* Problem details:
Print exactly the lines below between the line holding "Plan der Schlacht" and the line holding "USDA Organic PEPPERMINT", inclusive, and nothing more.

* Recorded information:
☆ ☆ ☆ ☆

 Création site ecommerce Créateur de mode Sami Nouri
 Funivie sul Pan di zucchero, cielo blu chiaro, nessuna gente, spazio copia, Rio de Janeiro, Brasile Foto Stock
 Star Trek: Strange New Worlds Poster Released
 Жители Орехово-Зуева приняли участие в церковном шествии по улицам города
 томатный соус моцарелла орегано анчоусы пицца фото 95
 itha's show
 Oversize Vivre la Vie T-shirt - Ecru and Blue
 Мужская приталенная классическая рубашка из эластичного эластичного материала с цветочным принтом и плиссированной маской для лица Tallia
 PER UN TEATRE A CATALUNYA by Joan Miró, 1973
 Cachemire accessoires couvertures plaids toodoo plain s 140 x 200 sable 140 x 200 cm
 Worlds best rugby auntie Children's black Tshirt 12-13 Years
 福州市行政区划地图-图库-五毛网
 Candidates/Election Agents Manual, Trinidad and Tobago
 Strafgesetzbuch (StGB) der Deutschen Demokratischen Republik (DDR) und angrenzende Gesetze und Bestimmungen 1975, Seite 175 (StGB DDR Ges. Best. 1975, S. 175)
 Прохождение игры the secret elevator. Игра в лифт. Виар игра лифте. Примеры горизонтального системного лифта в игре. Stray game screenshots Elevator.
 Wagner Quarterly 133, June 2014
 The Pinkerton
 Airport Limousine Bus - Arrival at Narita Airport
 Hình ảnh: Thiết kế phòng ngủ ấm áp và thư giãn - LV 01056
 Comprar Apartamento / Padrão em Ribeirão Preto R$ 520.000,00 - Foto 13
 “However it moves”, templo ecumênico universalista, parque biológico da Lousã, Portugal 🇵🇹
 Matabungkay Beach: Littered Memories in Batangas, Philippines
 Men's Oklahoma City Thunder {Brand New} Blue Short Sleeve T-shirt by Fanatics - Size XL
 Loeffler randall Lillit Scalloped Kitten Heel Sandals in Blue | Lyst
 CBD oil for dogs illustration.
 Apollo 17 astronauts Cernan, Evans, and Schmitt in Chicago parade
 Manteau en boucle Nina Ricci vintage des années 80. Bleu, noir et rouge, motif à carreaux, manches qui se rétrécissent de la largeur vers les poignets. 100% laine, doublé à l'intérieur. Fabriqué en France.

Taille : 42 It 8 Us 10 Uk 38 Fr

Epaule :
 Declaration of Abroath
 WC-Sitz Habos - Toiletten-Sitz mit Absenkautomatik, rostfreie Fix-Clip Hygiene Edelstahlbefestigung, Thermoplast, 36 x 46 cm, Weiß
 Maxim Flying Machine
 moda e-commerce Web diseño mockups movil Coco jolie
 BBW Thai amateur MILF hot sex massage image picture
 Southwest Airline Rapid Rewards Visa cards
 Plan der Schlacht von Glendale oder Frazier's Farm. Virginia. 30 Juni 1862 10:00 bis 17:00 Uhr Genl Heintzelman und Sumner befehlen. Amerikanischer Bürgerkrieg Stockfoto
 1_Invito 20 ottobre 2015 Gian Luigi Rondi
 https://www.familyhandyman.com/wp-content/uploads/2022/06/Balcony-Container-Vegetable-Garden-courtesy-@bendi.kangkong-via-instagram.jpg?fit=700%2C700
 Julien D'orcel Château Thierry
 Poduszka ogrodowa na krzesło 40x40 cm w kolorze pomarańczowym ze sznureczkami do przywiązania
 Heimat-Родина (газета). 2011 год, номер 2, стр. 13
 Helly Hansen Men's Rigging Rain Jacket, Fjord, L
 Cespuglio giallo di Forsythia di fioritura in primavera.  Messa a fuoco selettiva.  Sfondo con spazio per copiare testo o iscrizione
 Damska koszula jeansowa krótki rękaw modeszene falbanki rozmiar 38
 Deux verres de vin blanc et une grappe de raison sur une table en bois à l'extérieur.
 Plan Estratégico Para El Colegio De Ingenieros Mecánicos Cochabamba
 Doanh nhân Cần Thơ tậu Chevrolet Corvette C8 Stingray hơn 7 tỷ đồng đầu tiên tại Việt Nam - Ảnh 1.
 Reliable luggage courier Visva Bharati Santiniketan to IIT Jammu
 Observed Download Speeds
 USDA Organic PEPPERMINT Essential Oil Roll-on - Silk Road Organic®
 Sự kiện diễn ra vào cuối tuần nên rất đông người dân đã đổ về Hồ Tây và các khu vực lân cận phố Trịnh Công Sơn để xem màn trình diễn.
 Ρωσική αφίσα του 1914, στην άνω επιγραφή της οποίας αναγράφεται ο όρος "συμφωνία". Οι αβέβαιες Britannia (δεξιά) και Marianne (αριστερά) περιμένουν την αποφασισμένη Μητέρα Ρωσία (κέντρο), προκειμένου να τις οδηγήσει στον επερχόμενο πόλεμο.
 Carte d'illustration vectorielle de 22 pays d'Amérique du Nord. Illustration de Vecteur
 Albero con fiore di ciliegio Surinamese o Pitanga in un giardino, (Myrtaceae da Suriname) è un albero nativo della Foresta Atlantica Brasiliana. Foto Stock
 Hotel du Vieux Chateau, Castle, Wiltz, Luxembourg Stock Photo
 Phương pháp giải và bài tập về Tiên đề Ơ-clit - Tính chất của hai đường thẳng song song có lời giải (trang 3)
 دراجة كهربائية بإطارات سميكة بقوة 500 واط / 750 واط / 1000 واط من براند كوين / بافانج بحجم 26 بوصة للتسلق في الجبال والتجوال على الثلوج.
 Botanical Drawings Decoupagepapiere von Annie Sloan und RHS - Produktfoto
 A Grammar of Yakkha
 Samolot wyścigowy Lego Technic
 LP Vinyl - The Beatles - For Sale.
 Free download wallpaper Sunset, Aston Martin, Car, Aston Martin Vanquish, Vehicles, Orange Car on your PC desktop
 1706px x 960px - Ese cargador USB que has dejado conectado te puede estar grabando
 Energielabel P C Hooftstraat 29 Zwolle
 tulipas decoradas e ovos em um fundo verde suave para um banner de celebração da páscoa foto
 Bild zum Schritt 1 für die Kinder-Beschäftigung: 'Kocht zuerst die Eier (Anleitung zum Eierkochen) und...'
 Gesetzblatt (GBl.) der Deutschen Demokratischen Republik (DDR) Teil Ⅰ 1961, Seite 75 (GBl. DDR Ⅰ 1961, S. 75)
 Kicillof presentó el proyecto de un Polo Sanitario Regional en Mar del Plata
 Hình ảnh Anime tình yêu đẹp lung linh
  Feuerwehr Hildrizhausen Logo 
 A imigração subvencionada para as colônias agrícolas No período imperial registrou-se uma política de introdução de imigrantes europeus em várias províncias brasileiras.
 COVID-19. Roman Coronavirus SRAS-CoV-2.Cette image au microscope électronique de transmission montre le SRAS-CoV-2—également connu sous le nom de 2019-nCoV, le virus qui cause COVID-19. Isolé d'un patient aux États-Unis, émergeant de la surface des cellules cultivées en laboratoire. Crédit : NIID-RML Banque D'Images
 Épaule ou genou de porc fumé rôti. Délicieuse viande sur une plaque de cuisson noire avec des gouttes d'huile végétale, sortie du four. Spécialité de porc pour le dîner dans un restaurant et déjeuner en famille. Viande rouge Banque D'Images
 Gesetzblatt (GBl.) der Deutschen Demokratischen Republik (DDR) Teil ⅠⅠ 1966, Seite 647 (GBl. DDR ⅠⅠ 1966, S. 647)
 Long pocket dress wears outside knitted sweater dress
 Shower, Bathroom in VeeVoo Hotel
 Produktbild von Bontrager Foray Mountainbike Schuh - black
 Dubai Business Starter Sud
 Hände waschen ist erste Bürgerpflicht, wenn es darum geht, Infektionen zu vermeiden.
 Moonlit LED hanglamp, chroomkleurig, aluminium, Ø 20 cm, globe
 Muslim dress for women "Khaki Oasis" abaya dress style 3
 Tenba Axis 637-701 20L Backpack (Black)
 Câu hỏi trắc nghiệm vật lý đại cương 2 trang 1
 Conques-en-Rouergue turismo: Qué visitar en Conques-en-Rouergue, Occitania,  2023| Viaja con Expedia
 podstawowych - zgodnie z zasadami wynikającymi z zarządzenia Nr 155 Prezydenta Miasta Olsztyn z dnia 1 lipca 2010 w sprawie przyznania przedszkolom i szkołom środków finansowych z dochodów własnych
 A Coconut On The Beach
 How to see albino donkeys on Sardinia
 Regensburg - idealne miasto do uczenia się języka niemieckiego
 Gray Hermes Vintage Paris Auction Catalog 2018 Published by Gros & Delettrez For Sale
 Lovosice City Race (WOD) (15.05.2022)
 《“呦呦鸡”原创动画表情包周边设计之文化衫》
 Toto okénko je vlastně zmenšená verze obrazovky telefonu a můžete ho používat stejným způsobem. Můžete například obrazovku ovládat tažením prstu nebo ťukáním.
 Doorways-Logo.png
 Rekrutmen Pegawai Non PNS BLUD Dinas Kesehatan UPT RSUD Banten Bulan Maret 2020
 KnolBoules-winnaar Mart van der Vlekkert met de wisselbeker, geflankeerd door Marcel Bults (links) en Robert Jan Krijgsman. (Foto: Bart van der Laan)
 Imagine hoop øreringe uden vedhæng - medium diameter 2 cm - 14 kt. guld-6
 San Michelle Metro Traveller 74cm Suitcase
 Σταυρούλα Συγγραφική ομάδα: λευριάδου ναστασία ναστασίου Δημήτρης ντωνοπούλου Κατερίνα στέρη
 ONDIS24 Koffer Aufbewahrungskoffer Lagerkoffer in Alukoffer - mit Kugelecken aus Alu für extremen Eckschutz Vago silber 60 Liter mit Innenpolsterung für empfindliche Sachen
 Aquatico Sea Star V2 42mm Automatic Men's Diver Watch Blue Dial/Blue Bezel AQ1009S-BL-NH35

☆ ☆ ☆ ☆

* Solution to the exercise:
 Plan der Schlacht von Glendale oder Frazier's Farm. Virginia. 30 Juni 1862 10:00 bis 17:00 Uhr Genl Heintzelman und Sumner befehlen. Amerikanischer Bürgerkrieg Stockfoto
 1_Invito 20 ottobre 2015 Gian Luigi Rondi
 https://www.familyhandyman.com/wp-content/uploads/2022/06/Balcony-Container-Vegetable-Garden-courtesy-@bendi.kangkong-via-instagram.jpg?fit=700%2C700
 Julien D'orcel Château Thierry
 Poduszka ogrodowa na krzesło 40x40 cm w kolorze pomarańczowym ze sznureczkami do przywiązania
 Heimat-Родина (газета). 2011 год, номер 2, стр. 13
 Helly Hansen Men's Rigging Rain Jacket, Fjord, L
 Cespuglio giallo di Forsythia di fioritura in primavera.  Messa a fuoco selettiva.  Sfondo con spazio per copiare testo o iscrizione
 Damska koszula jeansowa krótki rękaw modeszene falbanki rozmiar 38
 Deux verres de vin blanc et une grappe de raison sur une table en bois à l'extérieur.
 Plan Estratégico Para El Colegio De Ingenieros Mecánicos Cochabamba
 Doanh nhân Cần Thơ tậu Chevrolet Corvette C8 Stingray hơn 7 tỷ đồng đầu tiên tại Việt Nam - Ảnh 1.
 Reliable luggage courier Visva Bharati Santiniketan to IIT Jammu
 Observed Download Speeds
 USDA Organic PEPPERMINT Essential Oil Roll-on - Silk Road Organic®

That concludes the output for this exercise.